安心安全の名のもとに集められた人々の個人情報。それらは、感情という極めてパーソナルな部分まで全てが数値化され判断される。
そして、そこにそぐわないと判断された人々は、壁の外へと追放される。意思も生まれも関係なく。
 壁の中の人々にしても、かつての西暦世界のような自由度は極めて低い。人々はこれら収集された個人の情報に基づき、将来の職業選択が適宜行われ、そこから人生を選択しなければならない。一部の富裕層を除き、多くの者は、政府から決められた居住地域に住み、仕事に勤しむだけの毎日を繰り返す。

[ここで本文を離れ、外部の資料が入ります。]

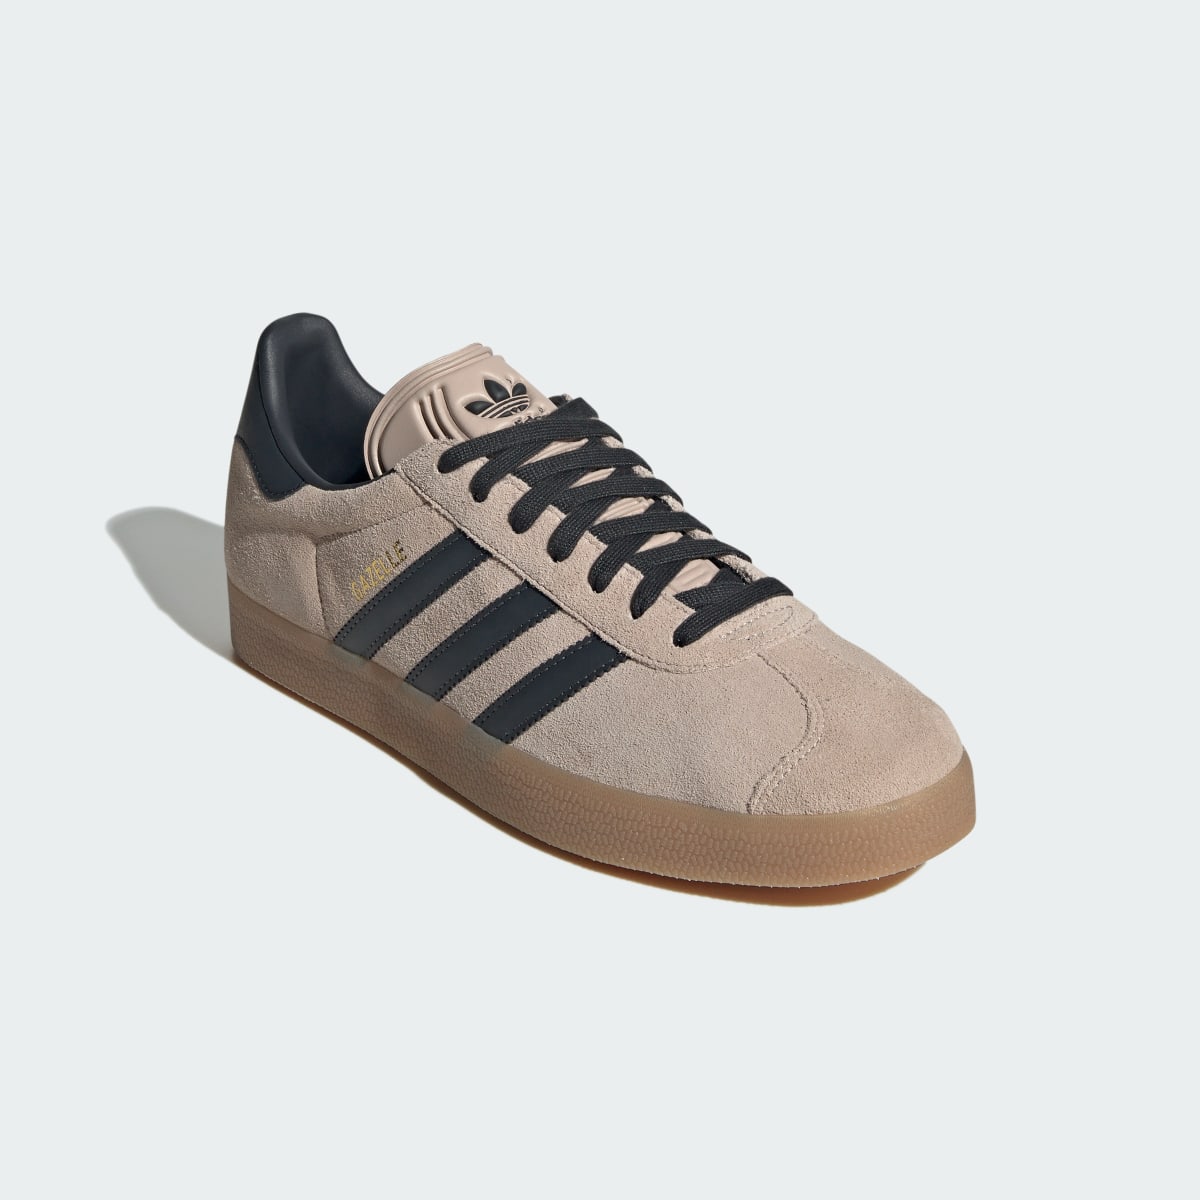 Adidas Gazelle Shoes. 5

 芸術一般や書物に関しては、その多くが感情を強く刺激する危険物とされ、発禁対象となり壁の中で公に取り扱われる事はない。それらの多くは、ネット空間の奥深くか、サカイの闇市でしか今や手に入らないデッド・メディア、貴重物とされ、高値で取引され、一般の人の目に触れる事は少ない。
 それでも、壁の中の多くの人々に、この暮らしは快適か、この世界が好きかと問えば、カランのように多くの者達が笑顔で、安心安全に暮らせればそれで良い、こんな楽園のような世界を嫌いな者等いないと返すだろう。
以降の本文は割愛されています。